"The One with the Morning After" is the sixteenth episode of the third season of the American television situation comedy Friends and 64th overall, which aired on NBC on February 20, 1997. The plot, which is darker than most Friends episodes, centers on Ross (David Schwimmer) dealing with the repercussions of sleeping with another woman hours after he and Rachel (Jennifer Aniston) had broken up.

The episode was written by the show's creators, David Crane and Marta Kauffman, directed by James Burrows, and guest-stars James Michael Tyler as Gunther, and Angela Featherstone as Chloe, the girl from the Xerox shop 
whom Ross ends up sleeping with after looking for comfort when he and Rachel made the decision to take a break from their relationship in the previous episode.

Plot 
The morning after Ross and Rachel take a break from their relationship, Ross wakes up in his apartment to Chloe (Angela Featherstone) walking out of his bathroom, insinuating that they spent the night together. Hurriedly, checking his answering machine for messages, Ross realizes that Rachel had left a message apologizing, saying that she loved him, and that she was going to drop by his apartment. Unable to get rid of Chloe in time, he hides her behind the door as Rachel comes by to try things again. Ross quickly agrees and becomes her boyfriend again.

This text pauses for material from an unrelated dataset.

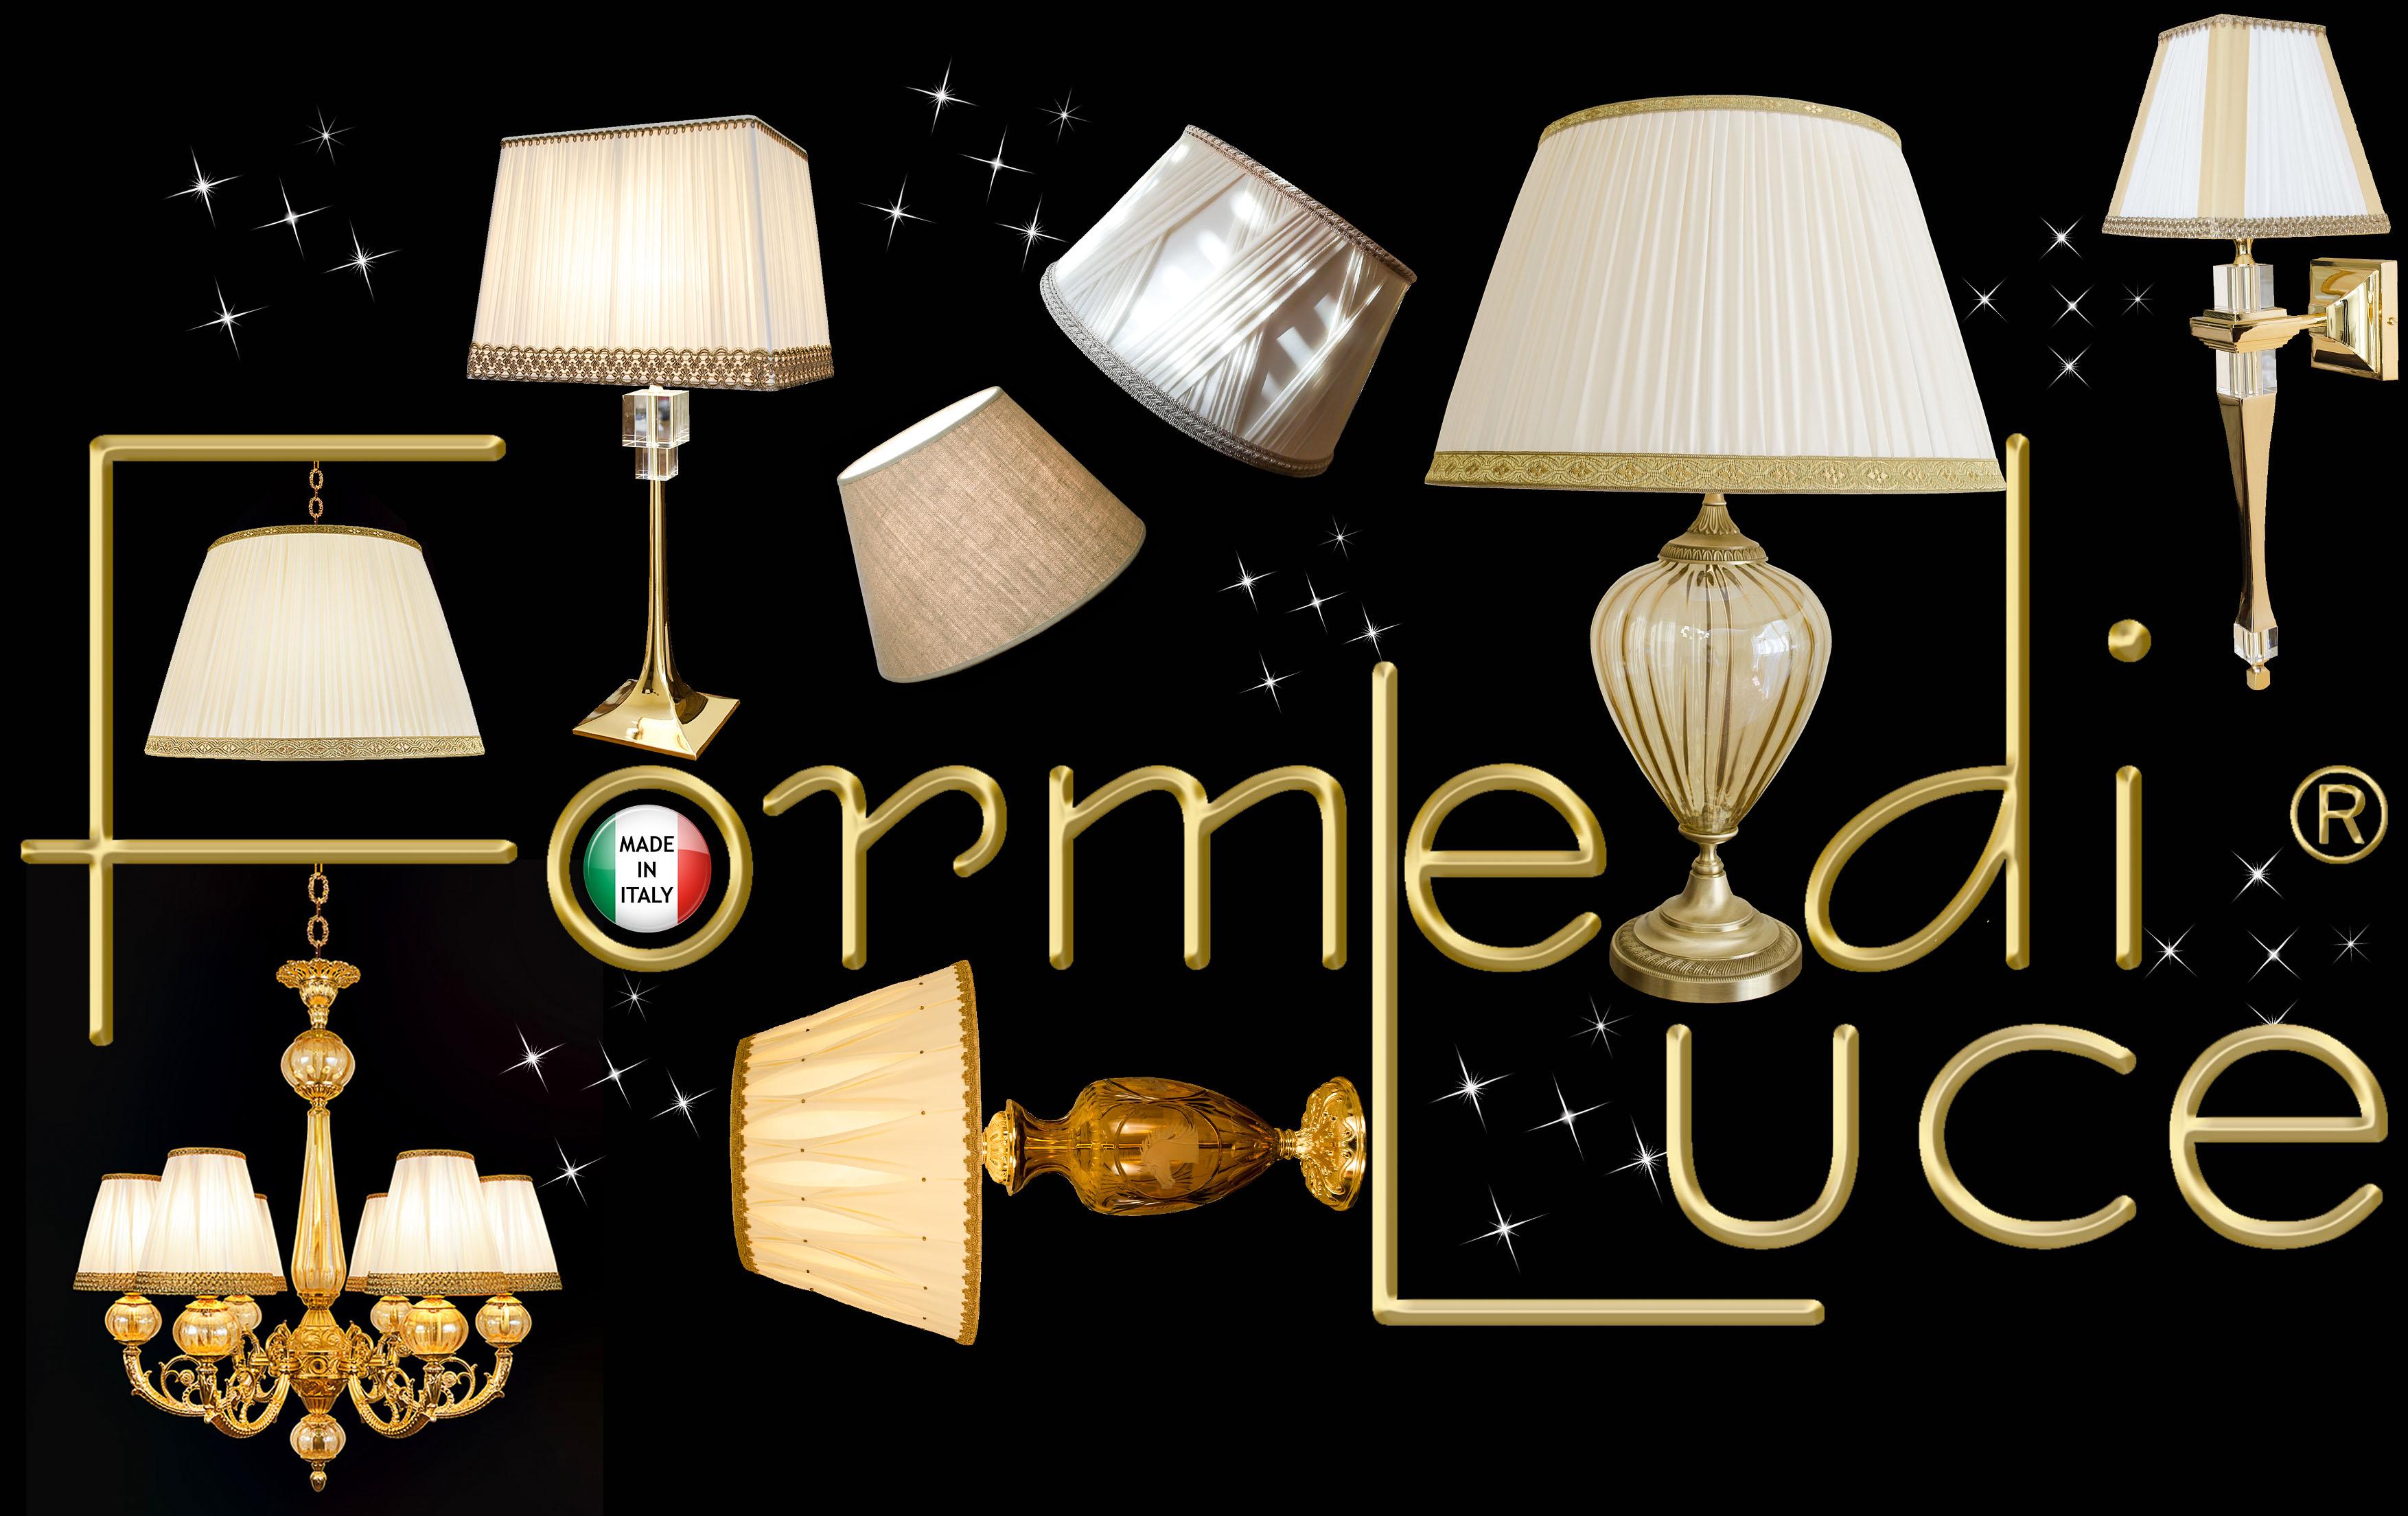 Forme di Luce | Produzione e Vendita Paralumi e Lampade a Roma

Not wasting any time, Ross goes over to Joey (Matt LeBlanc) and Chandler's (Matthew Perry) apartment to confess what he did. While Ross believes that he should tell Rachel everything, Joey and Chandler urge him not to. After reluctantly agreeing, the guys then try to figure out a way so that Rachel does not find out about Ross and Chloe on her own. Joey then tells Ross that he needs to think about 'the trail', which is the list of people between the girl he slept with, and the girl he does not want to find out what happened. Chandler traces the trail from Chloe to her coworker Isaac, who has a sister Jasmine, who works with Phoebe, who is best friends with Rachel.

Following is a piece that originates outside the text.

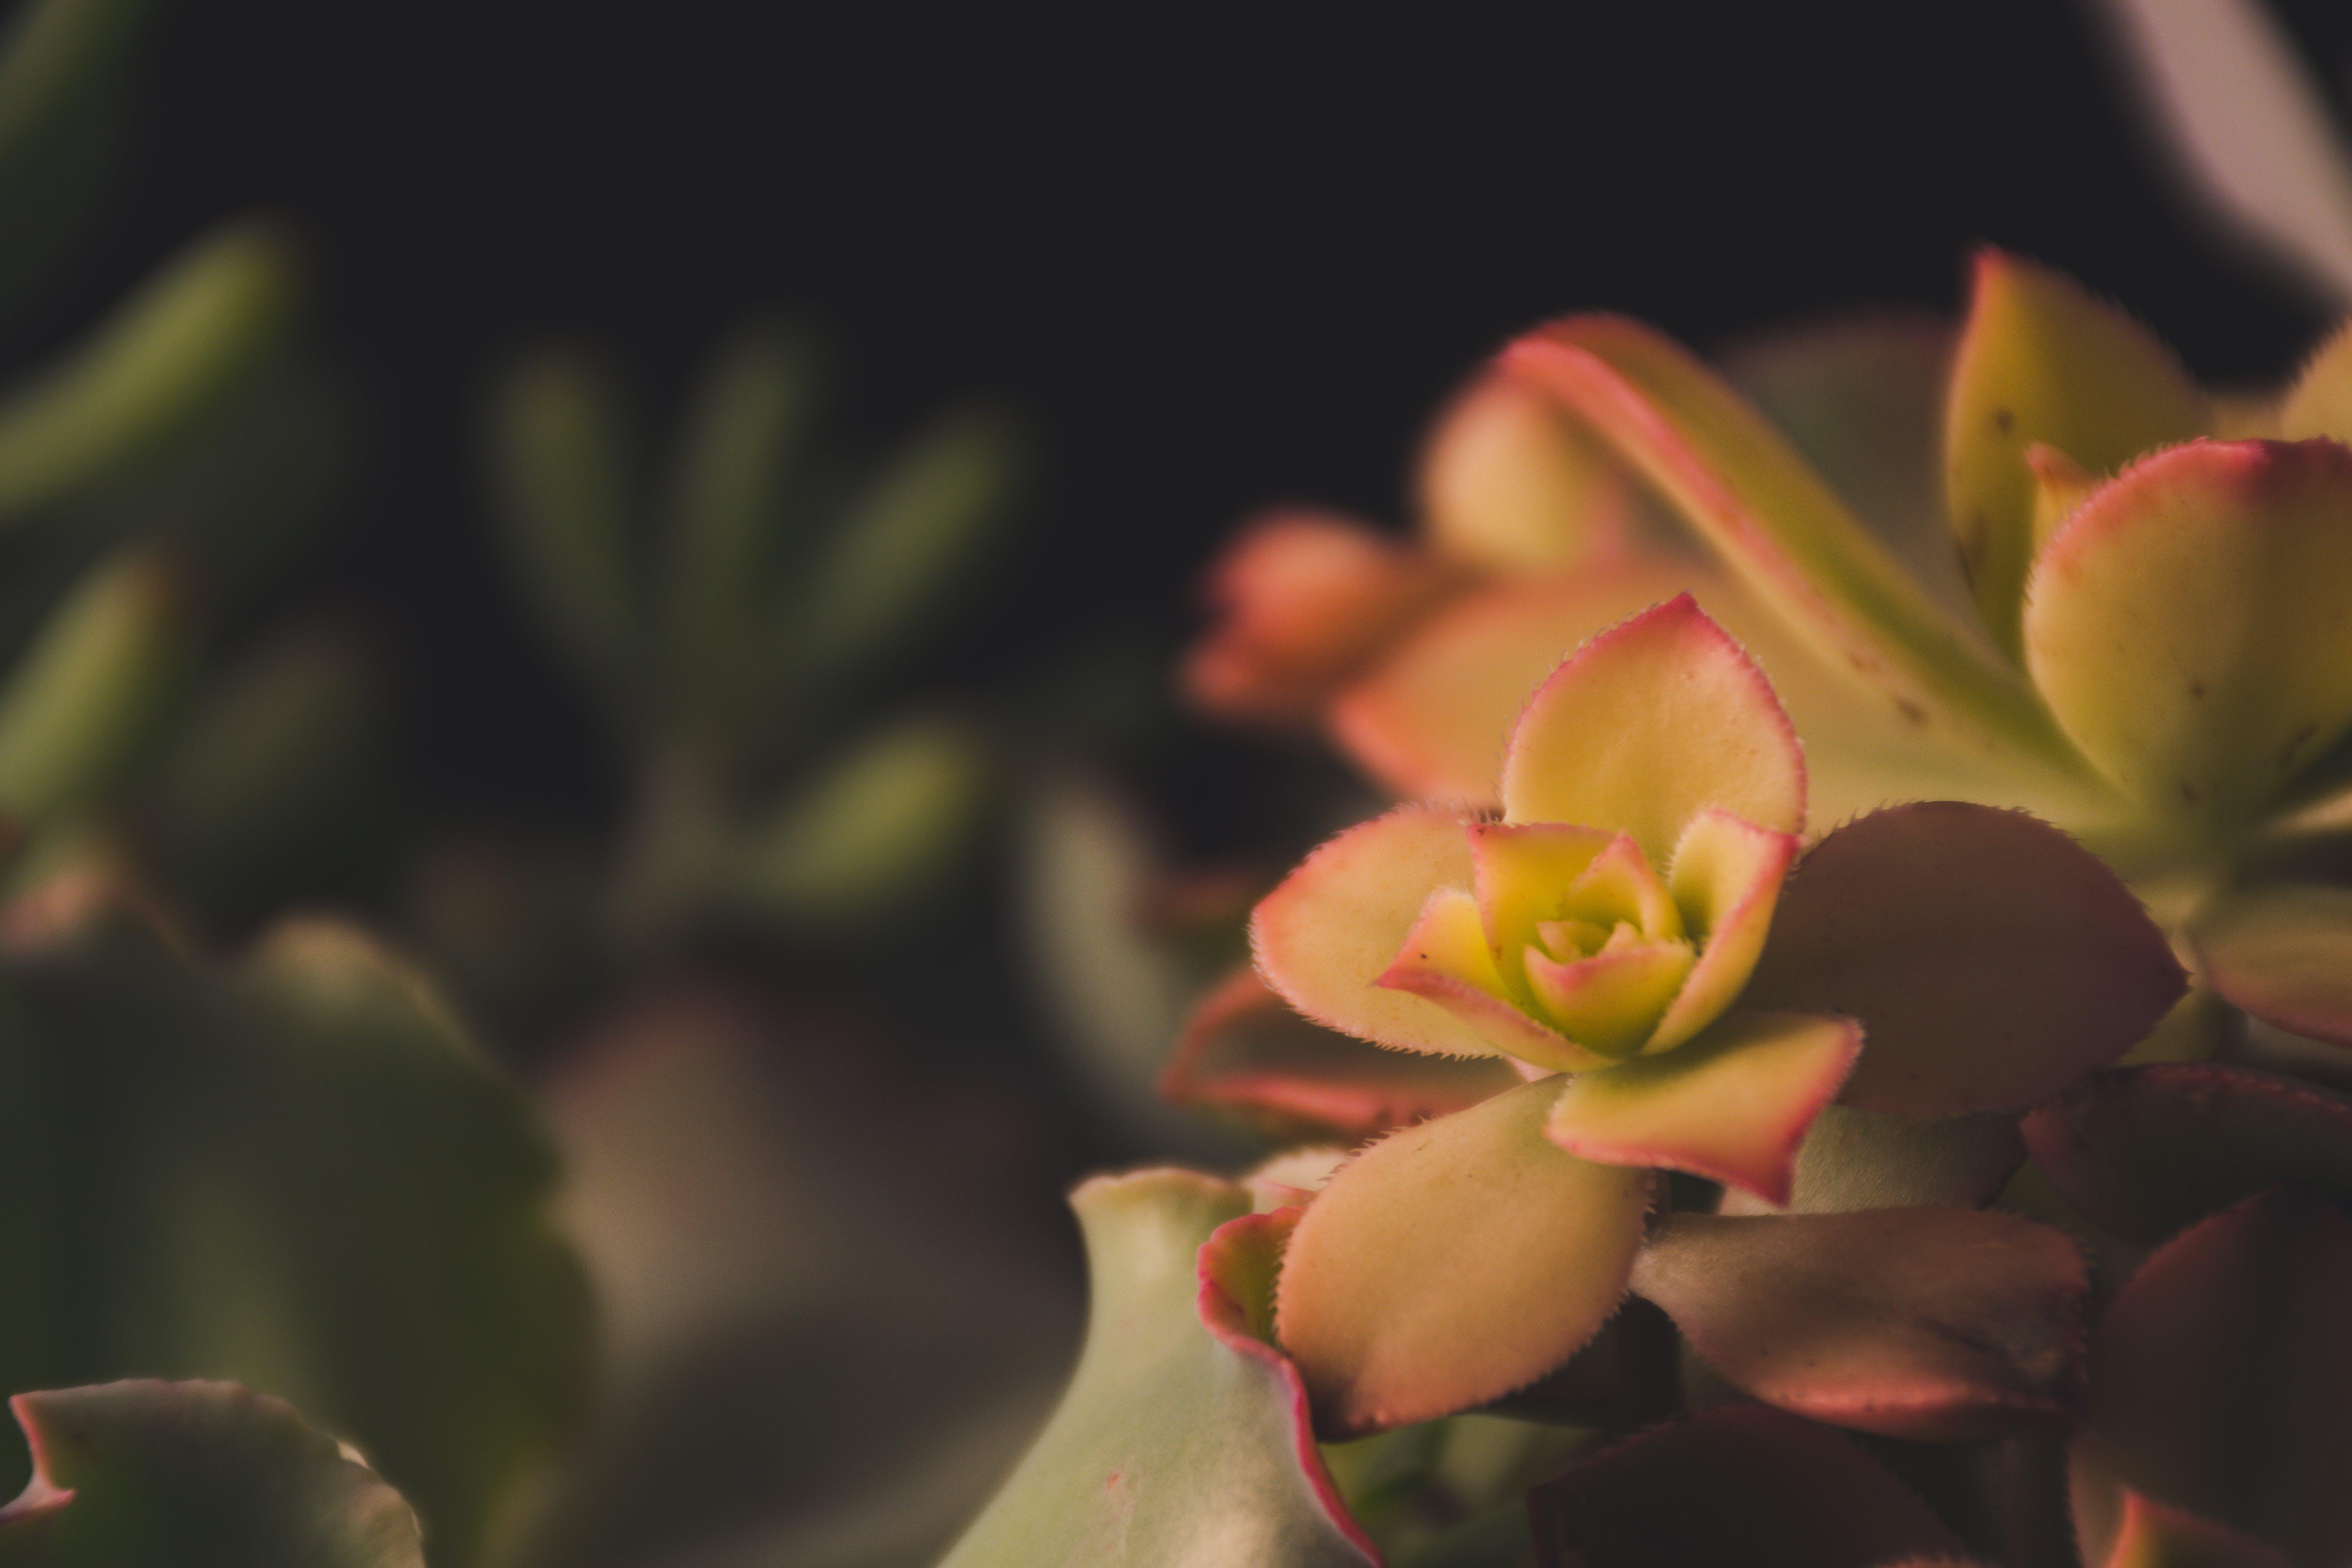 blomst, blomstrende, Botanisk

As Ross goes down 'the trail' to prevent the news from getting to Rachel, he finds out that Chloe had already told Isaac, who had already told his sister Jasmine. While talking to Jasmine, he manages to get her to promise to not say anything to Phoebe. But, she mentions that he should talk to her roommate that she told, because her roommate knows Rachel, too. Who just so happens to be none other than Gunther (James Michael Tyler). Ross rushes to Central Perk to try to keep Gunther quiet, only to find out that Gunther had already told Rachel everything.

Meanwhile, Monica (Courteney Cox) and Phoebe (Lisa Kudrow) are back in Monica's bedroom trying a new waxing product they purchased called Waxine, but the pain is too great. Hearing the screams from across the hall, Joey and Chandler rush to their rescue. But, before they can leave the room, an angry Rachel storms into the apartment, followed by Ross. Monica, Phoebe, Chandler, and Joey stay in the bedroom, unbeknownst to Ross and Rachel.

The fight between Ross and Rachel is even worse than the night before when they took a break from their relationship. Rachel gets even angrier with Ross as he tries to talk to her and settle things between the two of them. She is upset that she had to hear everything that happened between Ross and Chloe from Gunther, and she gets furious when Ross accidentally lets slip out that Chloe was still in his apartment when Rachel had come over to get back together earlier that morning. Rachel then tries to make Ross see her perspective by mocking him and creating a scenario where she sleeps with another man. Chandler and Joey want to leave, but Ross tells Rachel he was planning on tell her everything but Chandler and Joey told him not to. Humiliated, the boys decide not to leave the bedroom, but the four friends get so hungry that they eat the Waxine, which happens to be organic, but not edible.

At 3:00 a.m., Ross is still trying to get Rachel to forgive him. Just as it seems as though Rachel might forgive him, Ross starts touching her and kissing her, but she stands up and slaps his hands away, telling him to go home. Suddenly, Ross walks over to her and tries again to tell her that they can work past this. He then tells her that he cannot imagine his life without her. Both start to cry as Ross gets down on his knees and begs for forgiveness. Rachel refuses, telling him that she cannot forgive him because she cannot stop picturing Ross with Chloe and that there is nothing he can say or do, because it has changed everything between them forever. The two sadly part, leaving Ross devastated and saying "This can't be it." To which Rachel wonders, "Then how come it is?"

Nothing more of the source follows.